* _What the task asks_
Skip pictures in the listing below; copy exactly the lines from the one with "Polynésie Française. 20" through the one with "Enterprise Ireland supports", inclusive.

* _Records to use_
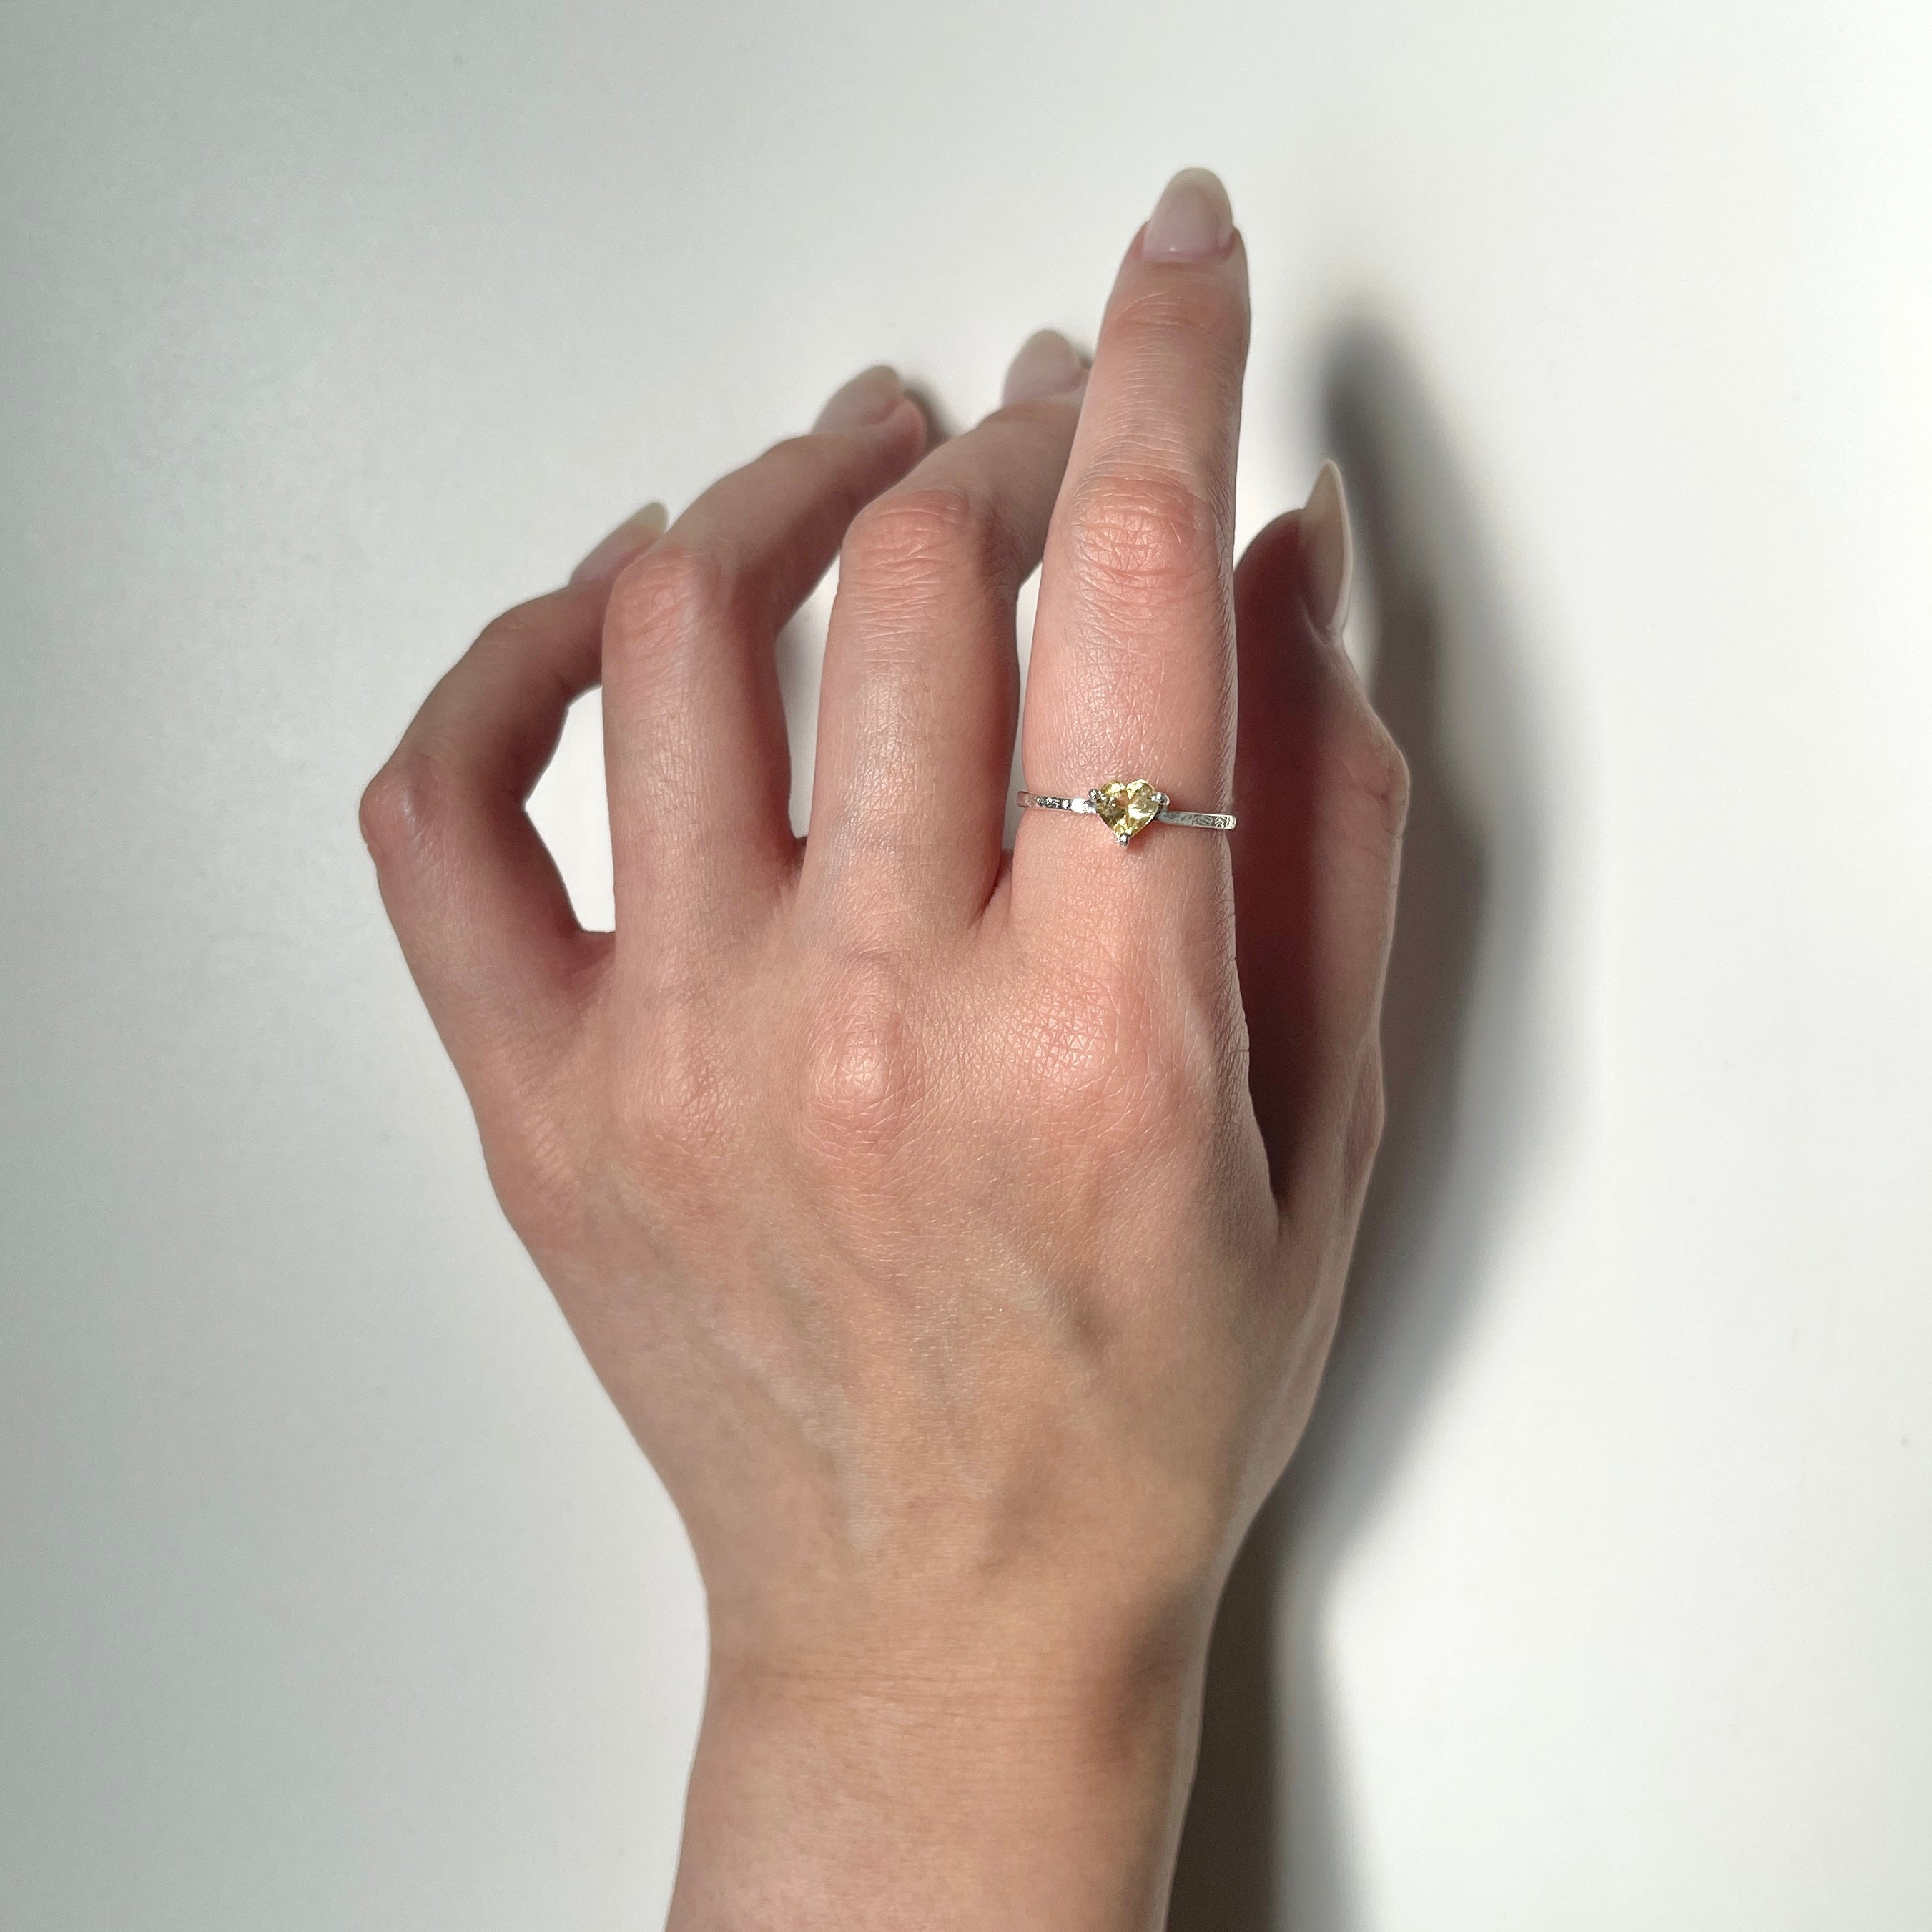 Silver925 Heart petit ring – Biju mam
--
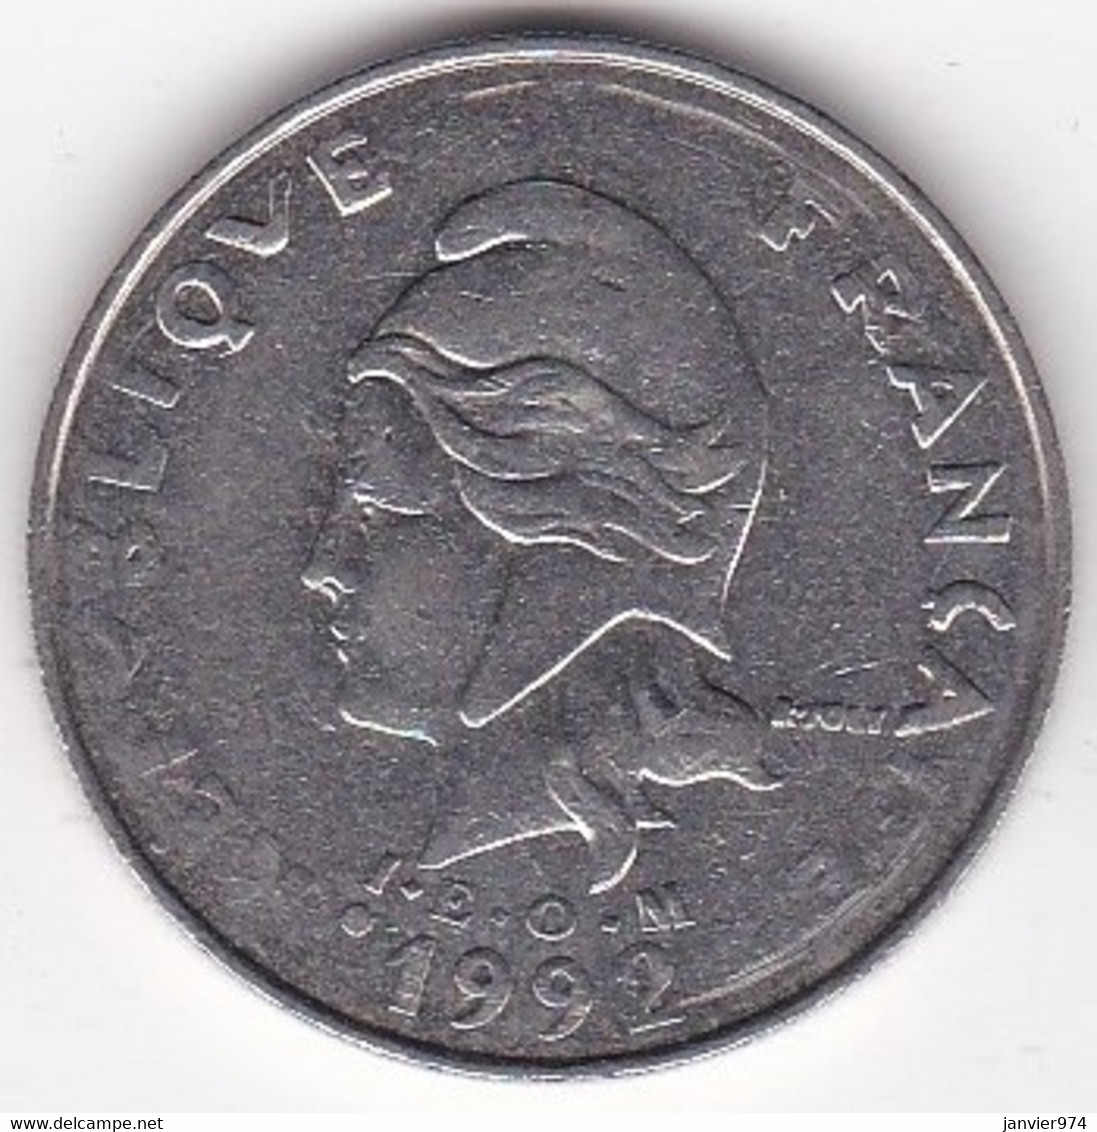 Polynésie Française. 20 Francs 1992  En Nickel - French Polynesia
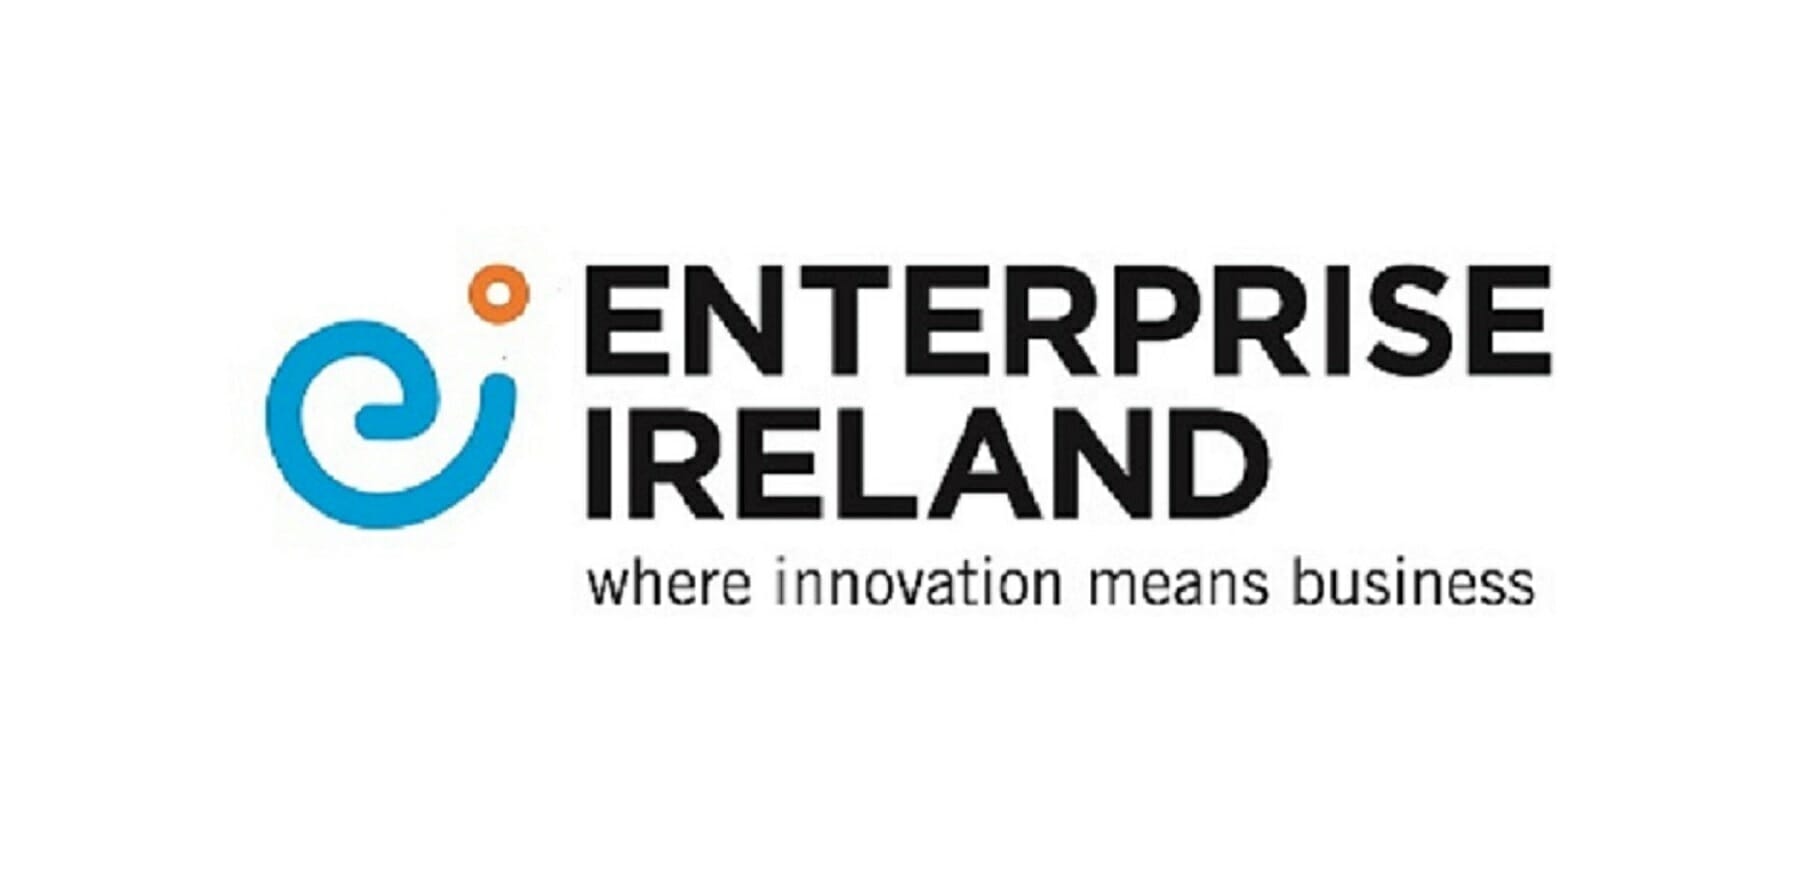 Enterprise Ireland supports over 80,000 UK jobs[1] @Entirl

* _Solved problem_
 Polynésie Française. 20 Francs 1992  En Nickel - French Polynesia
 Enterprise Ireland supports over 80,000 UK jobs[1] @Entirl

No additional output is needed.